#### Requirement:
Return the full listing word for word, but drop every picture from it.

#### Information supplied:

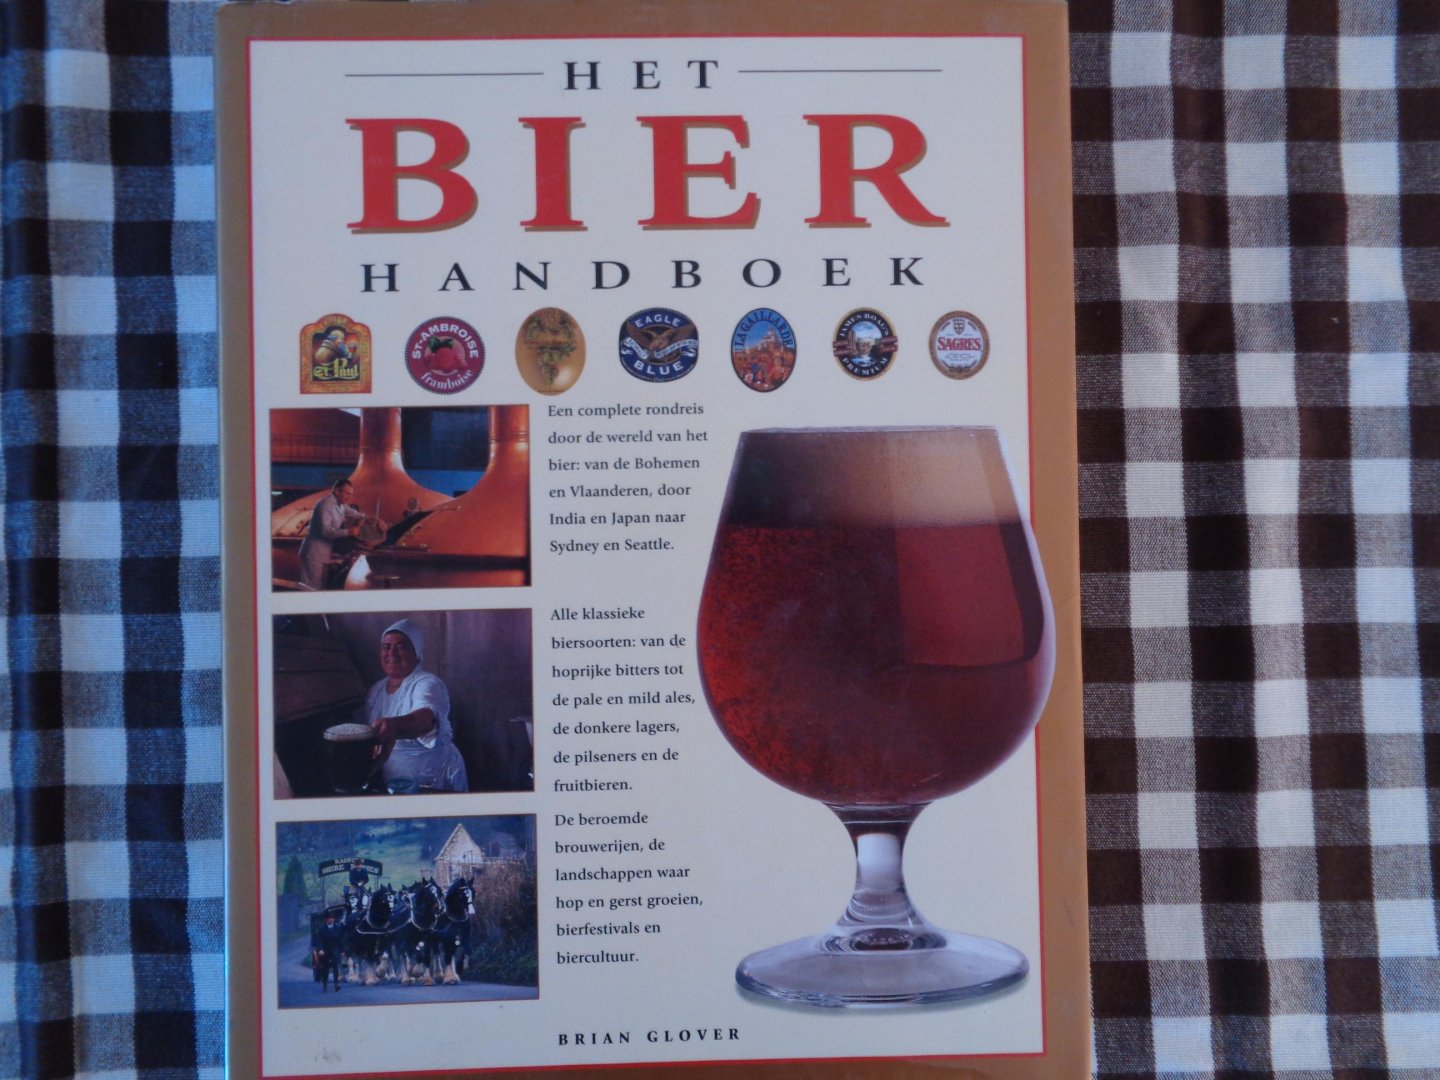 brian glover - Het bier handboek
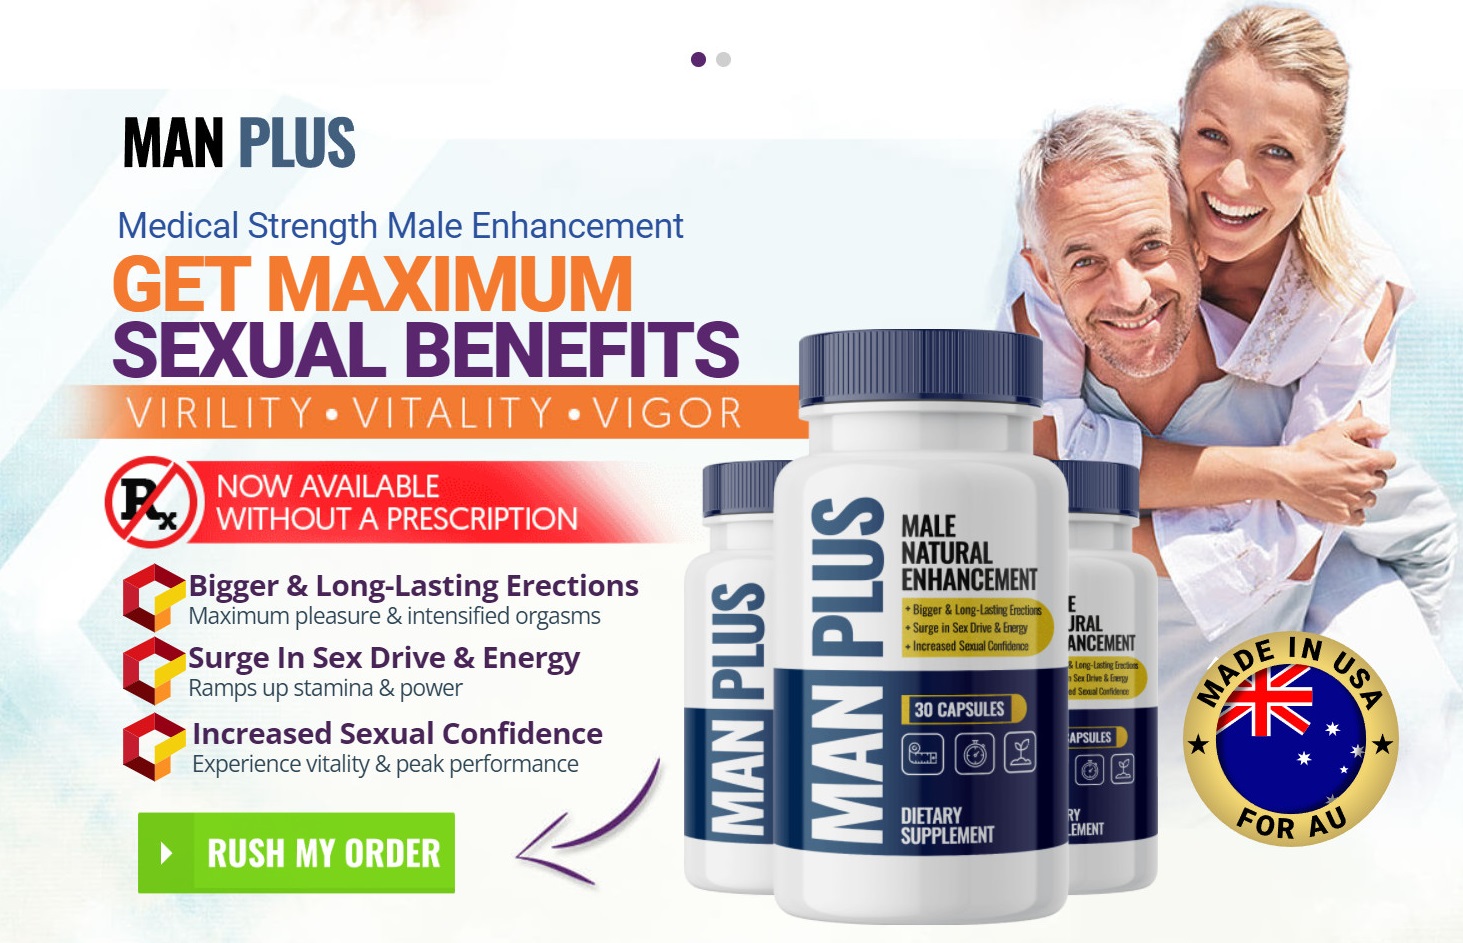 Manplus Male Enhancement Pills Australia & UK Reviews: How To Utilize It?
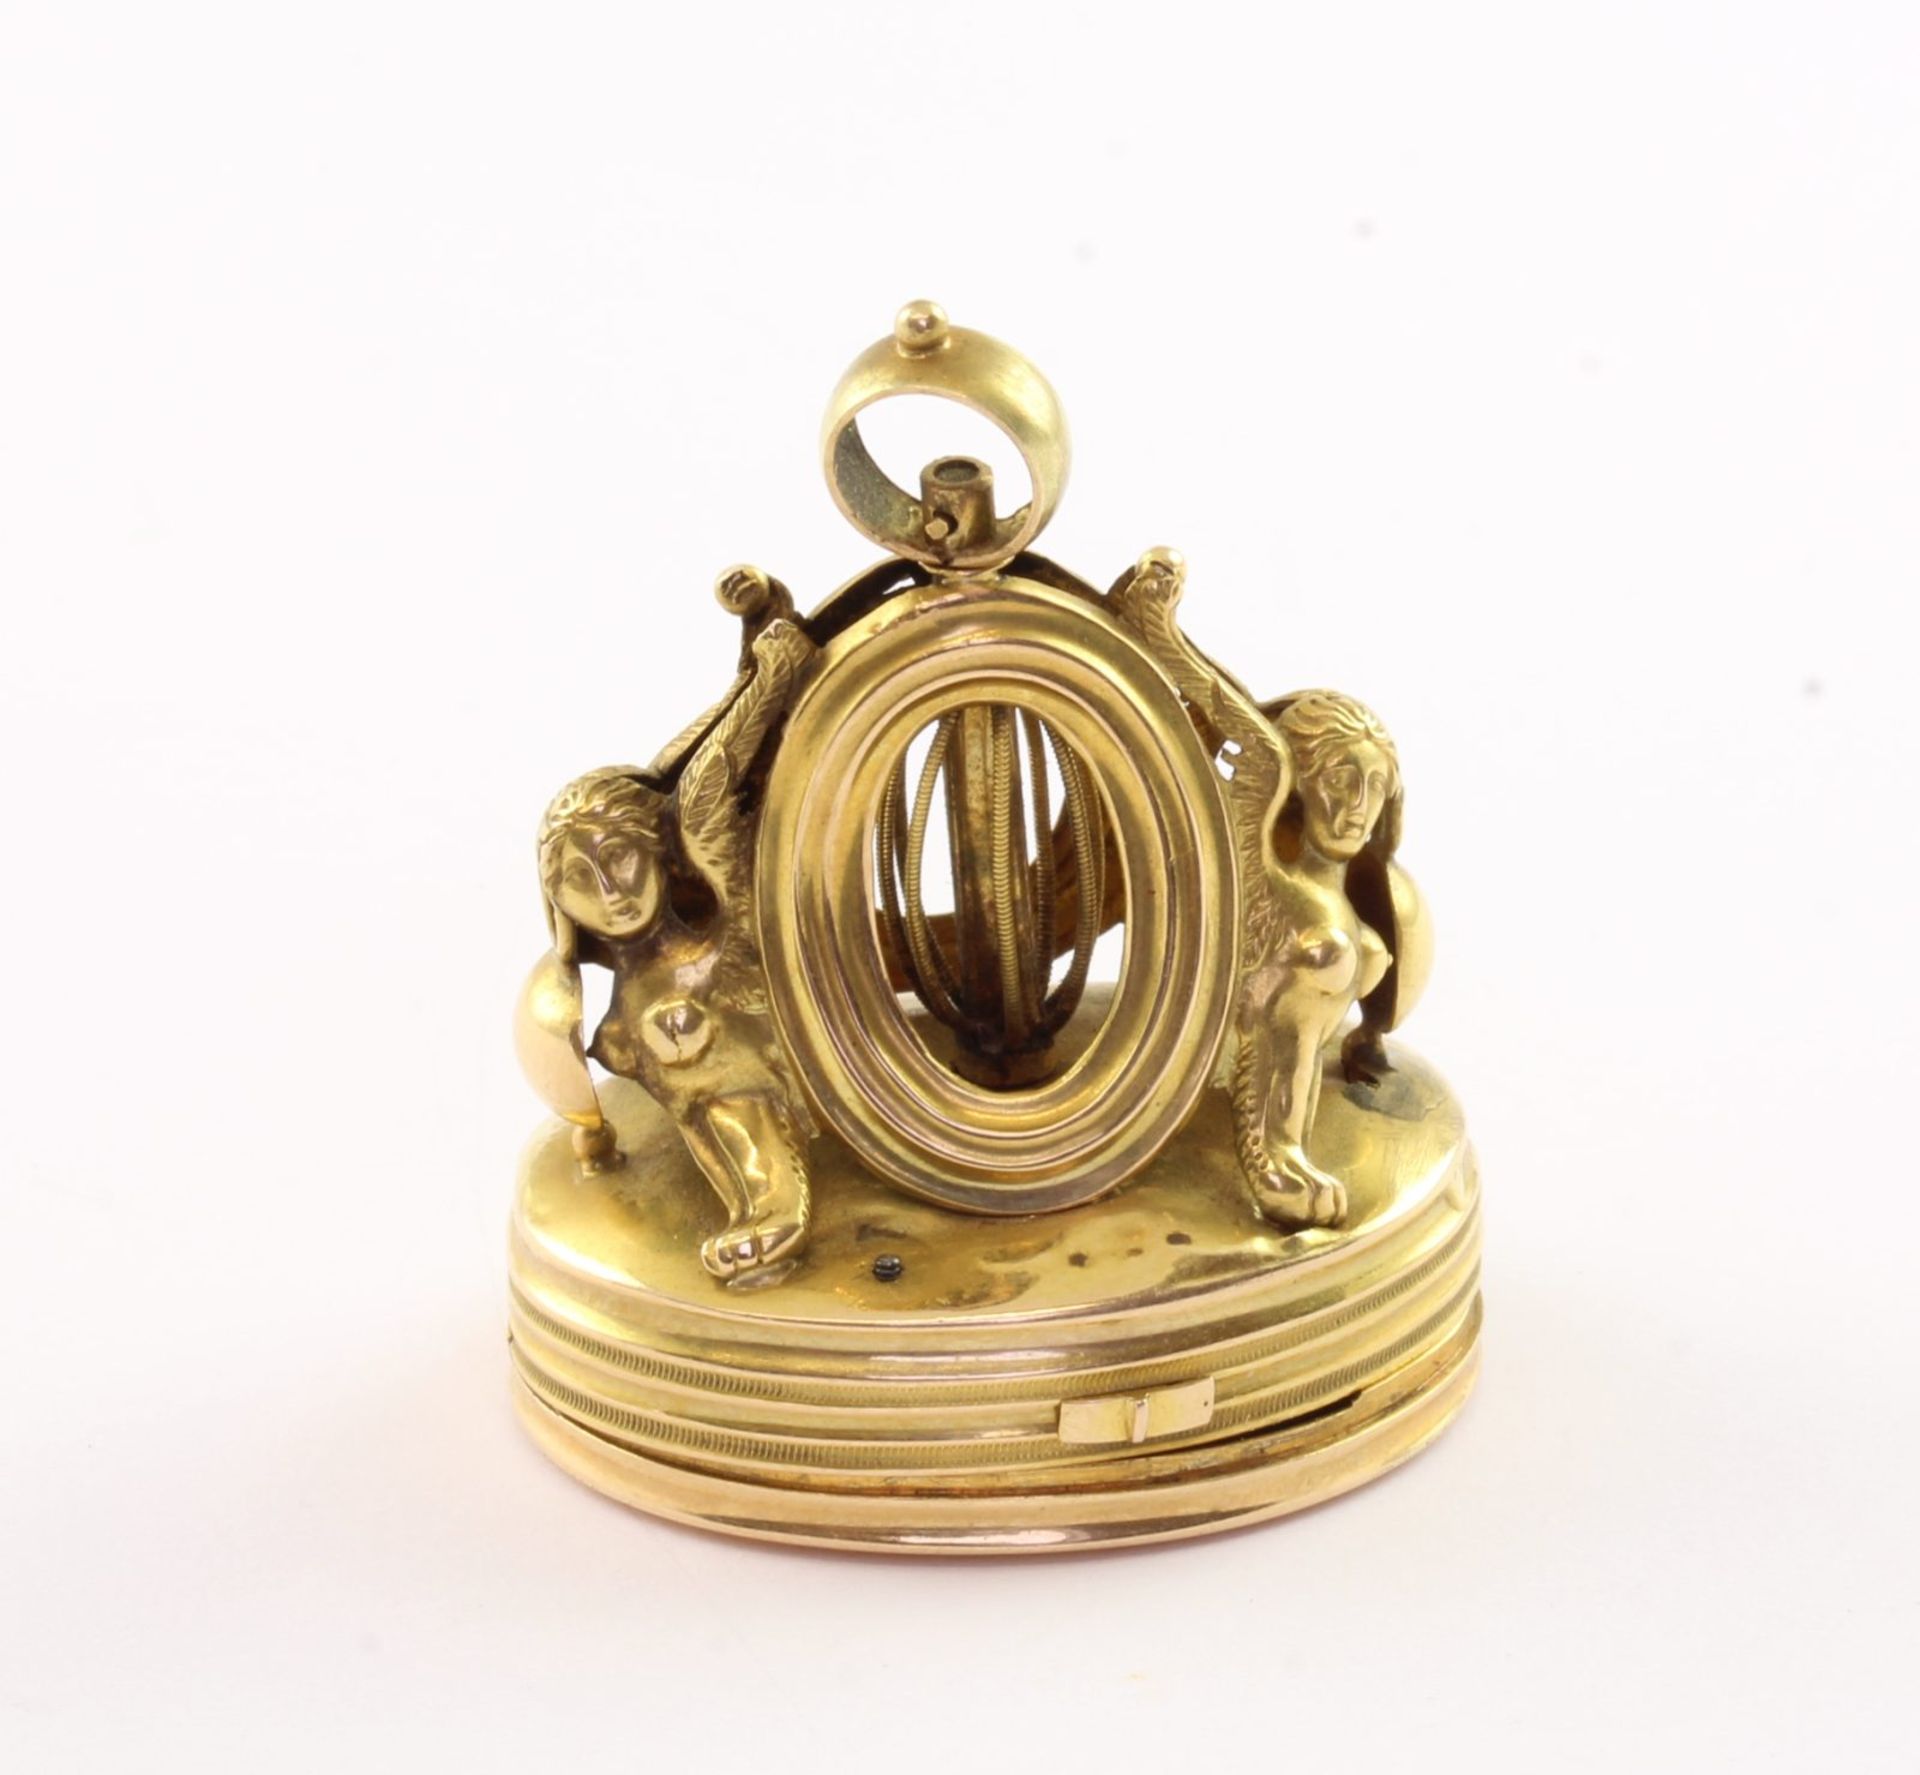 Seltene Miniaturspieluhr, 750/ooo Gelbgold, Frankreich/Schweiz, um 1800 - Bild 2 aus 5

#### Written response:
 brian glover - Het bier handboek
 Manplus Male Enhancement Pills Australia & UK Reviews: How To Utilize It?
 Seltene Miniaturspieluhr, 750/ooo Gelbgold, Frankreich/Schweiz, um 1800 - Bild 2 aus 5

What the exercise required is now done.